> _Work request_
Once you reach the line with "Wash Your Paws" below, copy each line exactly, stopping after the line with "Case Study: Smart", and skip any pictures.
Task input section start
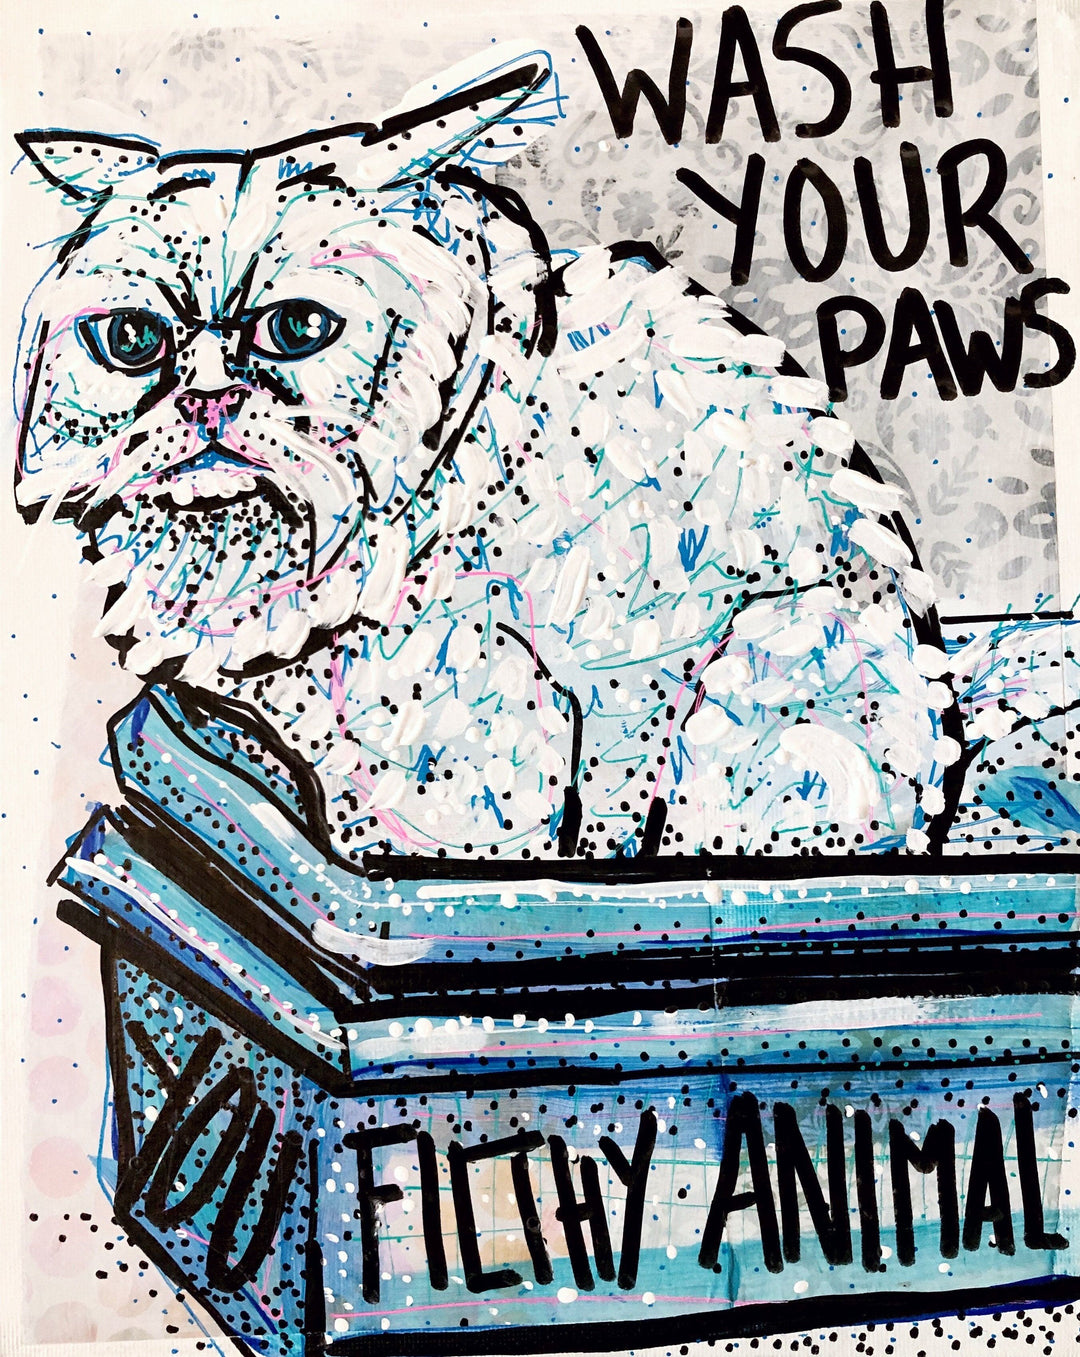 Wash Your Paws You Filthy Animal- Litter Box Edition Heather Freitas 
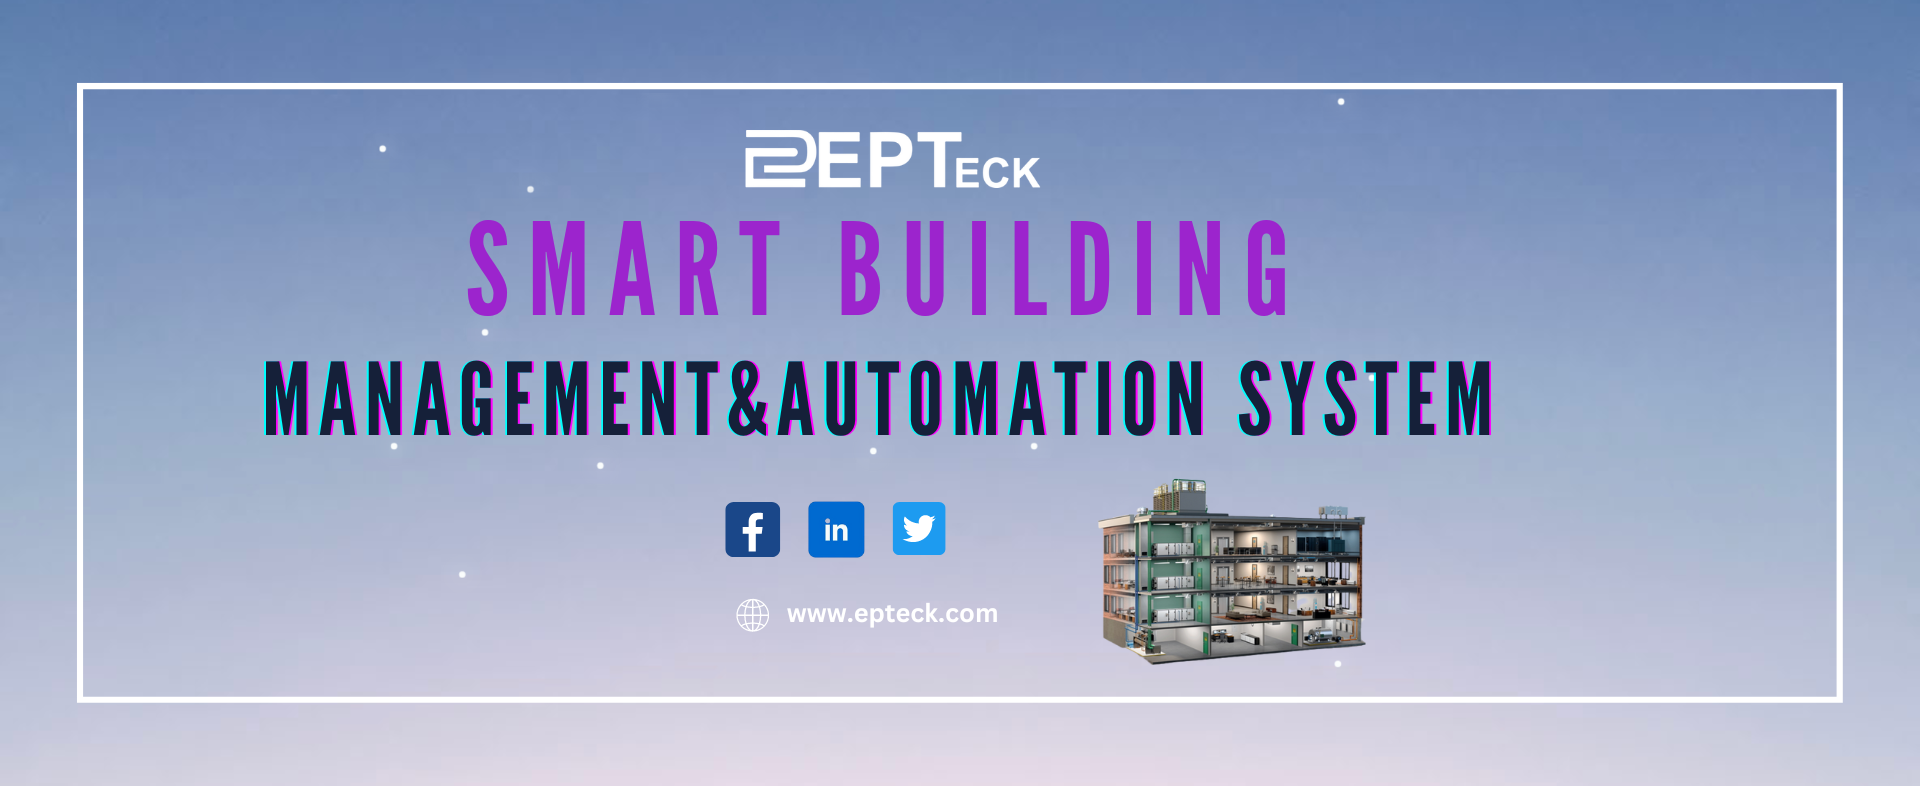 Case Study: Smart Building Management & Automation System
Task input section end
Task input section start
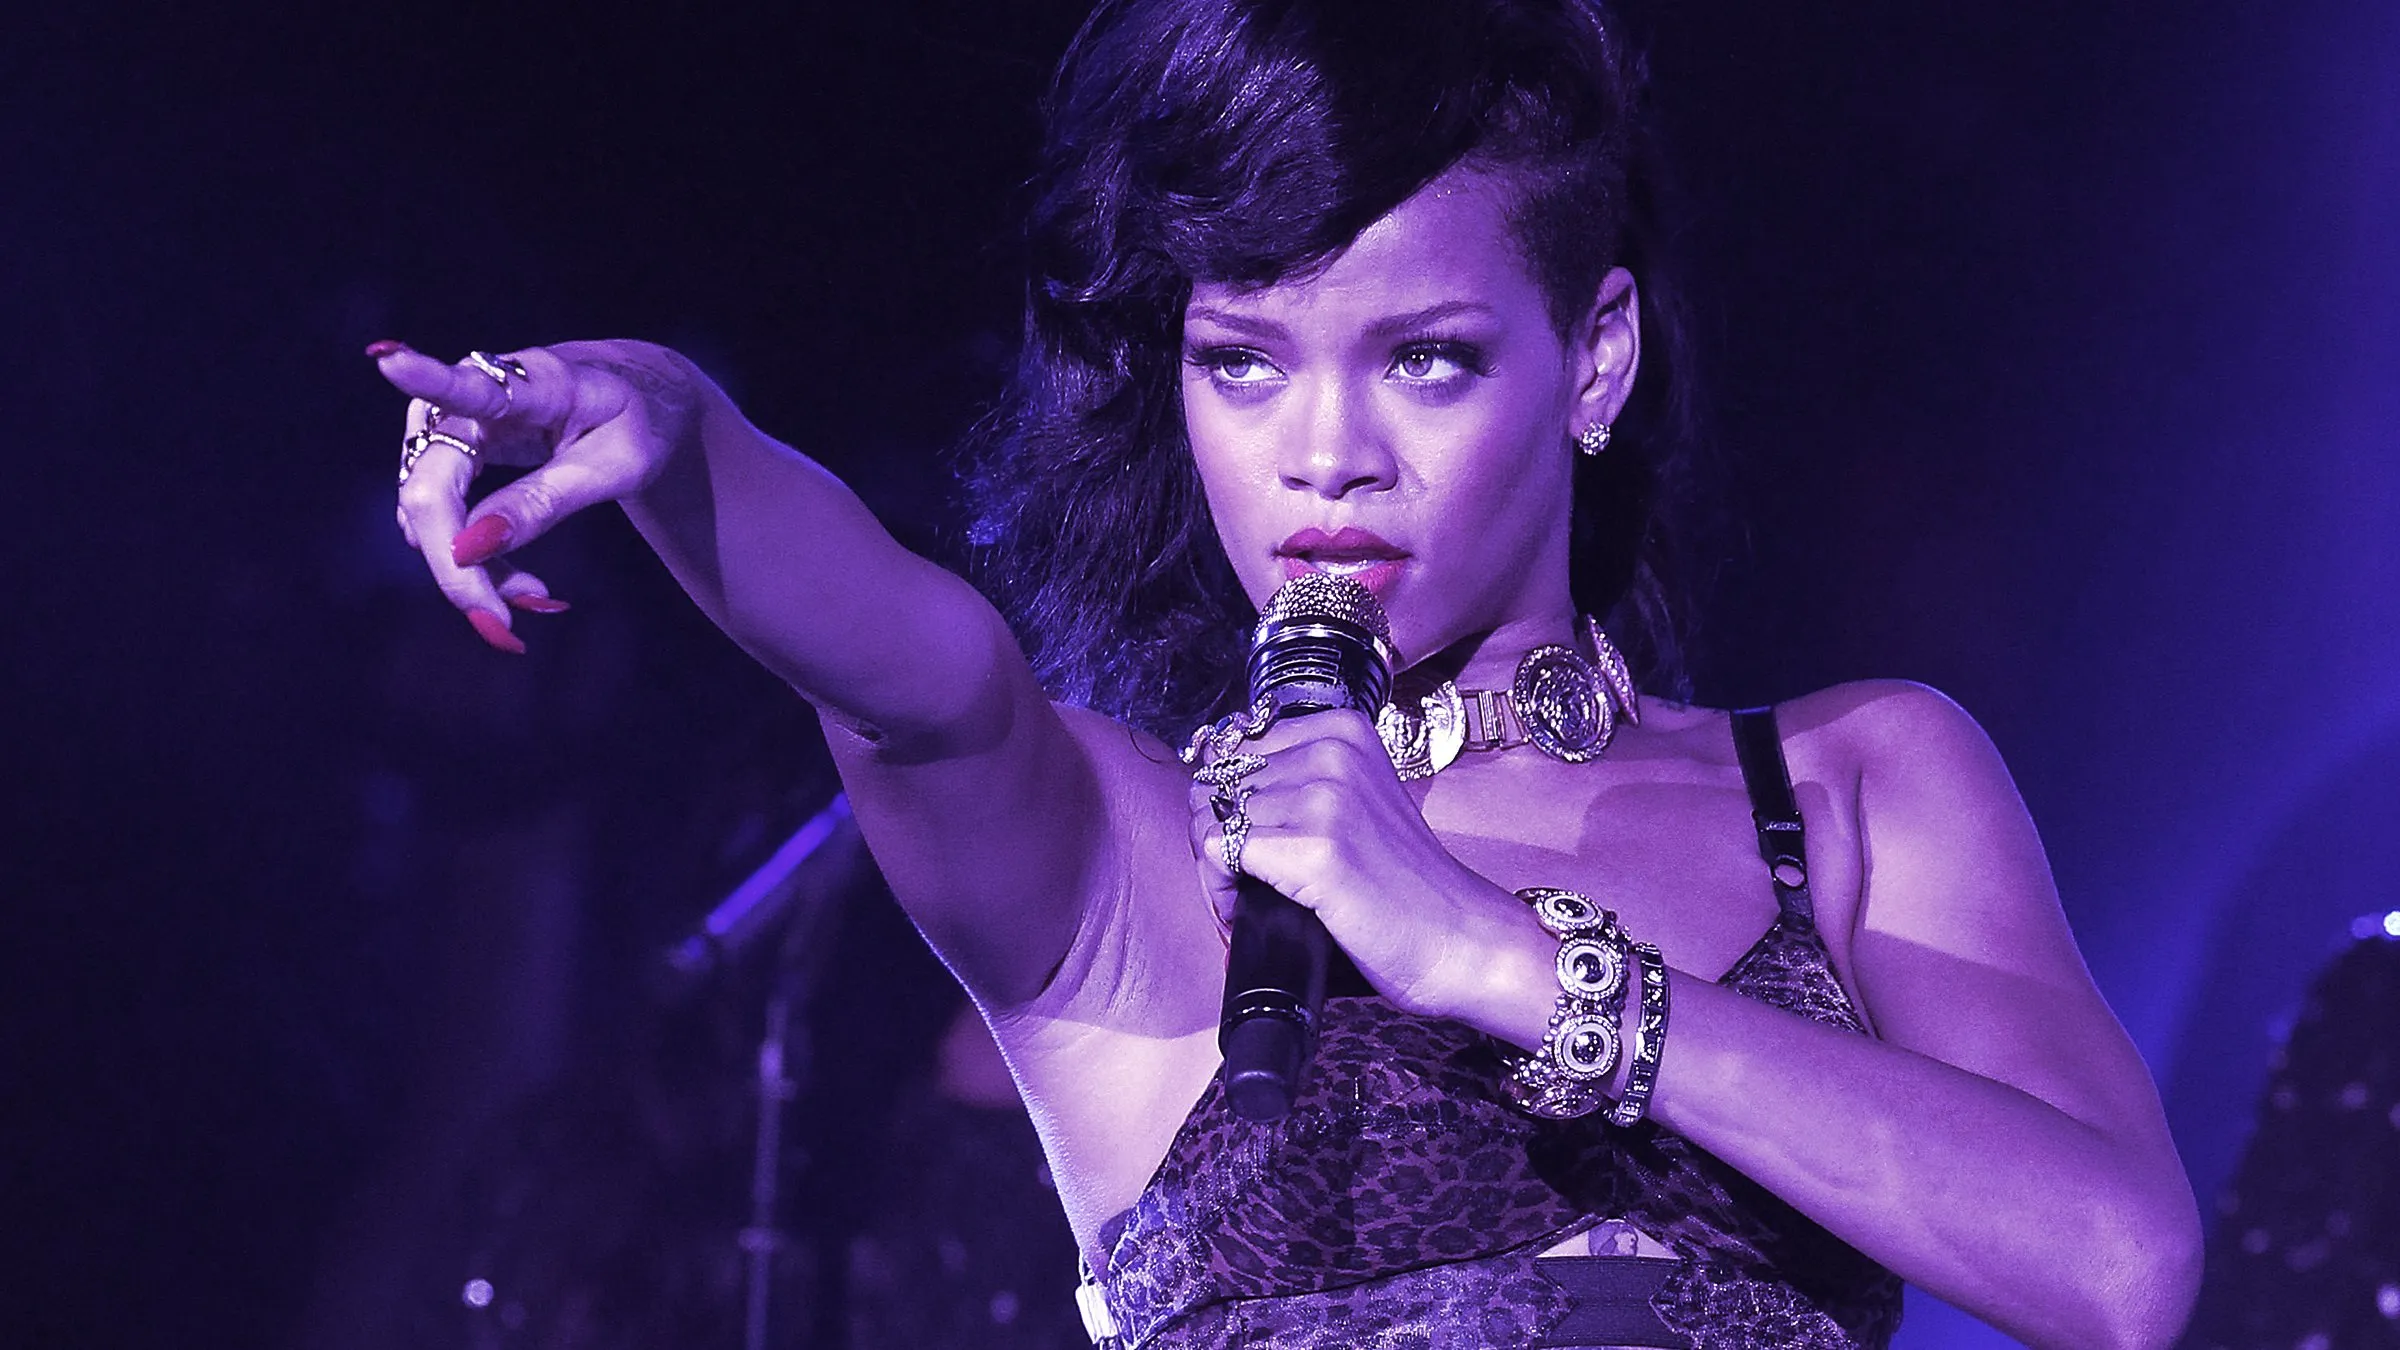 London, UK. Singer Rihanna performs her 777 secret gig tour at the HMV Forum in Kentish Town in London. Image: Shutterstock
Task input section end
> _Output for this task_
 Wash Your Paws You Filthy Animal- Litter Box Edition Heather Freitas 
 Case Study: Smart Building Management & Automation System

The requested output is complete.